Lynx refers to this as the Mission Critical Edge, which it estimates to be a $16bn software opportunity.
Lynx will initially roll out three new MOSA.ic bundles. LYNX MOSA.ic for Industrial, LYNX MOSA.ic for UAVs/Satellites, and LYNX MOSA.ic for Avionics allowing developers to access market opportunities associated with industrial digital transformation, drones, personal aviation, commercial spaceflight, and more.
Bypassing the restrictions imposed by typical embedded approaches to mission critical systems, these bundles are intended to allow developers to create flexible and intelligent Edge Computing solutions that feature robust system-safety mechanisms, state-of-the-art security, and real-time determinism with sub-microsecond latency.
At the core of these software bundles is Lynx’ secure hypervisor technology, which has been proven in mission critical environments including commercial aviation, healthcare, and military aircraft.
“These new bundles leverage the proven safety and reliability of LYNX MOSA.ic to enable mission critical edge computing,” said Pavan Singh, VP Product Management at Lynx, “Each is designed to let developers of security and safety critical systems, including certifiable systems, take advantage of powerful workflows and techniques such as containers and sensor fusion, easily connect to cloud services, and to scale and adapt intelligently to changing market requirements.”
Designed to handle emerging use cases, such as industrial robotics, drone aviation, and increasingly large and complex satellite constellations carrying payloads owned and accessed by multiple users, the LYNX MOSA.ic bundles provide the tools needed to deploy systems of systems efficiently and manage assets securely and safely. Each lets developers create, certify, and deploy robust platforms cost-effectively.

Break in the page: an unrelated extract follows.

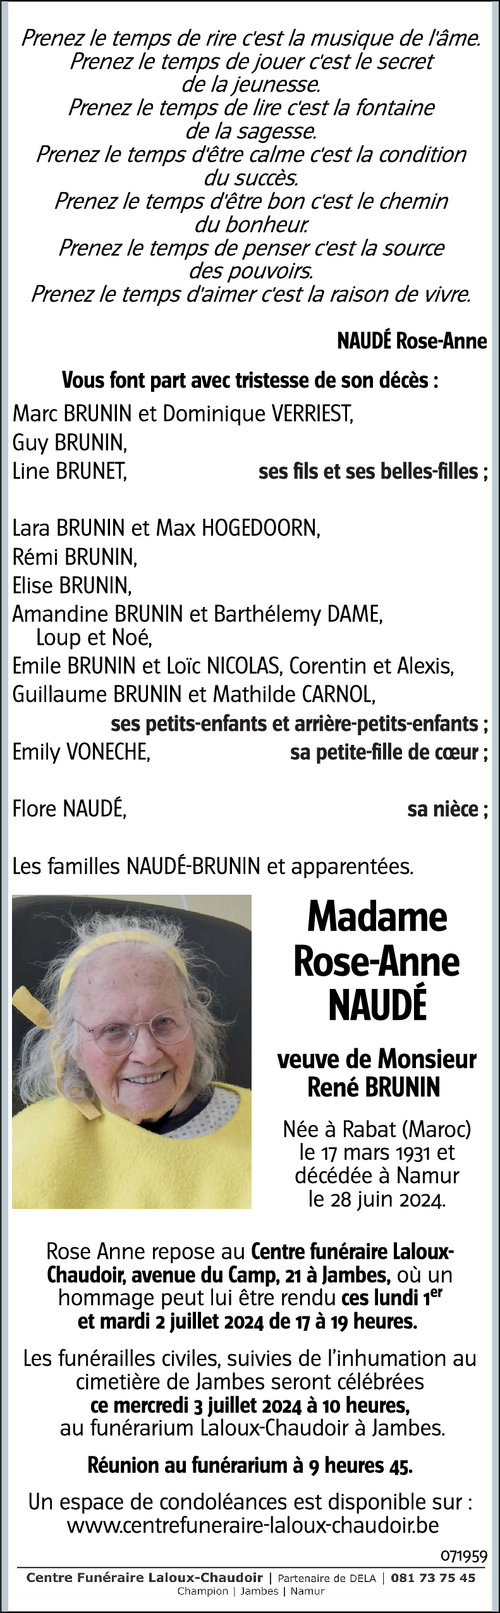 Rose Anne NAUDE

The three domain-optimised bundles contain common features of the LYNX MOSA.ic software framework, which brings together resources that include real-time operating systems (RTOS), bare metal, and third-party operating systems. LYNX MOSA.ic for Avionics and LYNX MOSA.ic for UAVs/Satellites support Arm and x86 processor architectures. Both include LynxOS-178, Lynx’s proven DO-178 certified operating system, the LynxSecure separation kernel hypervisor, Linux, a rich set of tools, and support for the SR-IOV extension to the PCIe specification.
The initial alpha release of MOSA.ic for Industrial removes Lynx’s RTOS and adds Azure IoT Edge and Windows 10 support for x86 platforms, as well as providing Virtual PLC functionality to let manufacturing organizations quickly scale, reconfigure, and update software-driven capacity.
Future code drops will further extend capabilities including guest operating systems, IoT connectivity, and processor architectures.